### Assignment:
Search the records below for "PBR Material". Return that line and all remaining lines exactly.

### Recorded data:
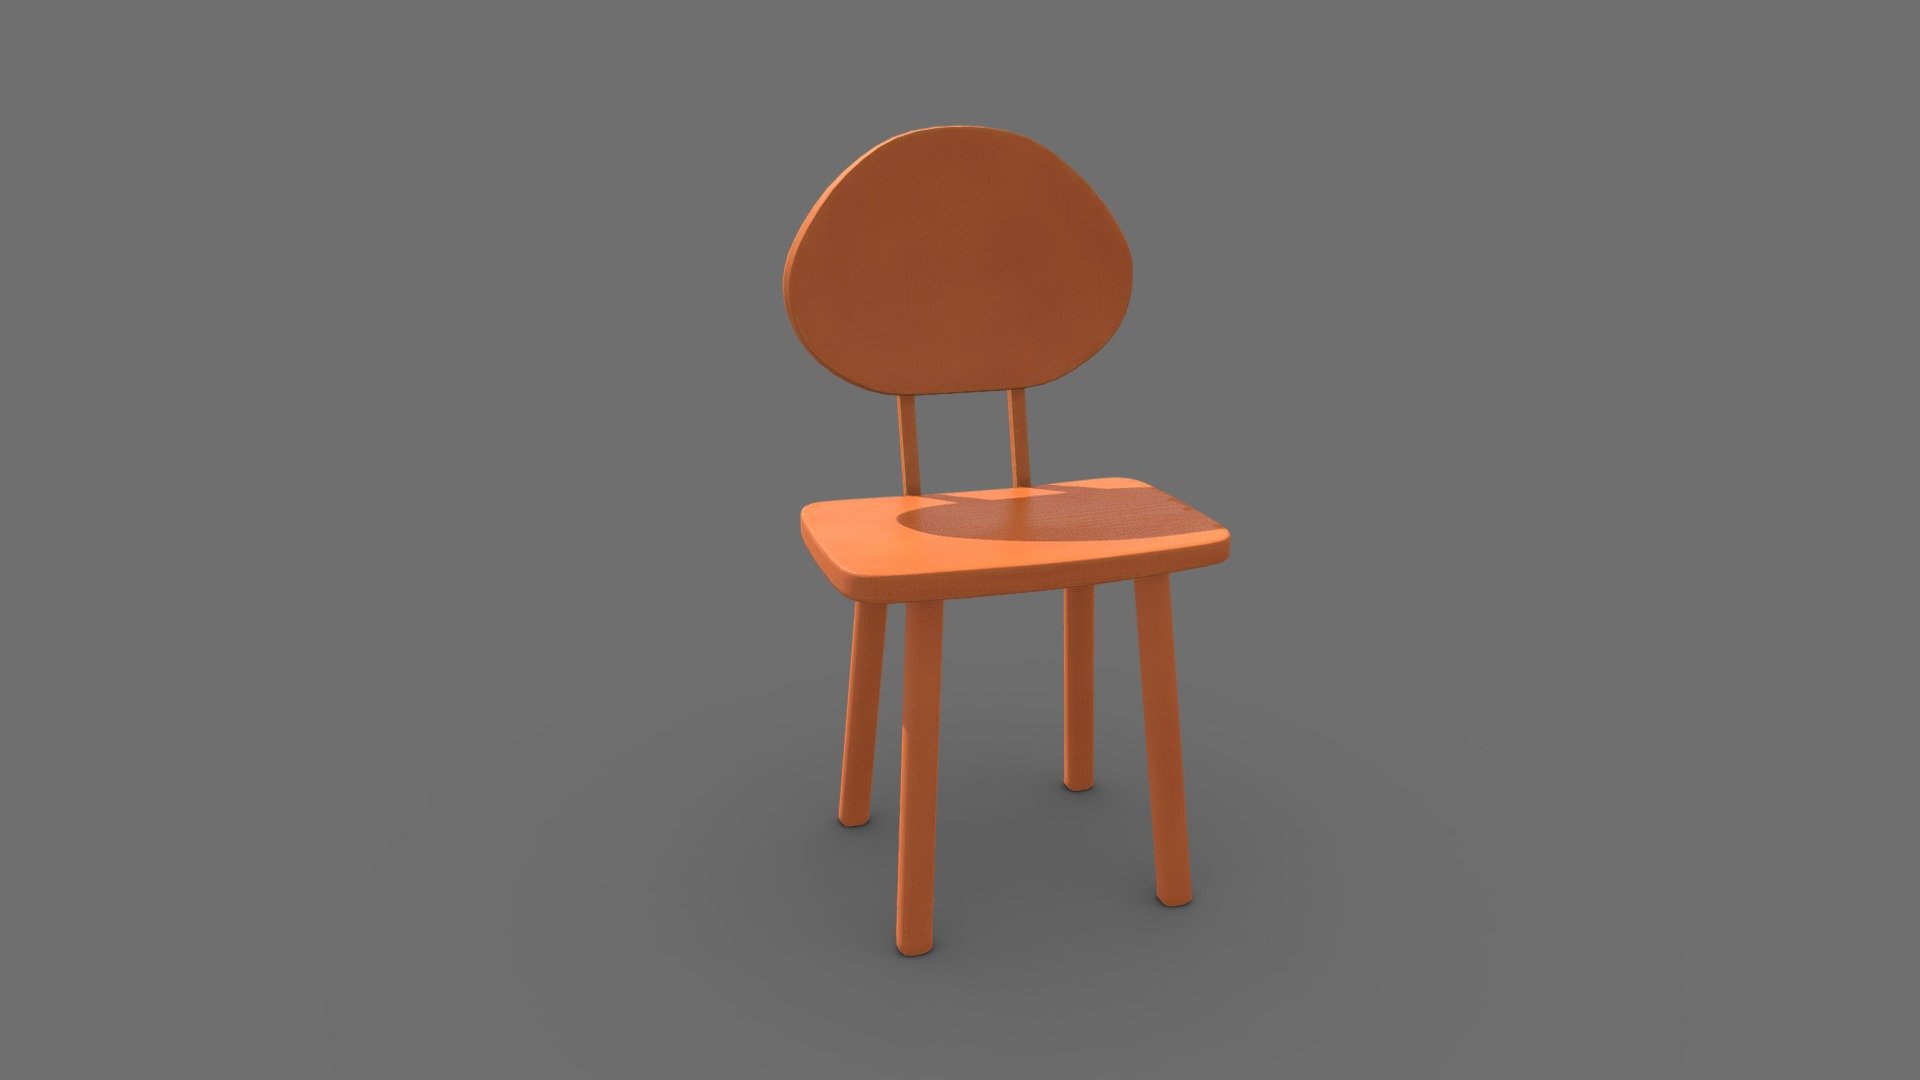 Cartoon wooden chair

Files :




Blender 3.5

Fbx

Obj

Gltf

Usdz

PBR Material

4 Textures _ 4k .png (Color, Specular, Roughness, Normals)

Unit system is set to metric(m). The dimensions are real

Any questions or comments about the model, you can write to me. I will be happy to assist you :) - Cartoon brown wooden chair - Buy Royalty Free 3D model by 3D Figures (@3DFigures) 3d model

### Exercise output:
PBR Material

4 Textures _ 4k .png (Color, Specular, Roughness, Normals)

Unit system is set to metric(m). The dimensions are real

Any questions or comments about the model, you can write to me. I will be happy to assist you :) - Cartoon brown wooden chair - Buy Royalty Free 3D model by 3D Figures (@3DFigures) 3d model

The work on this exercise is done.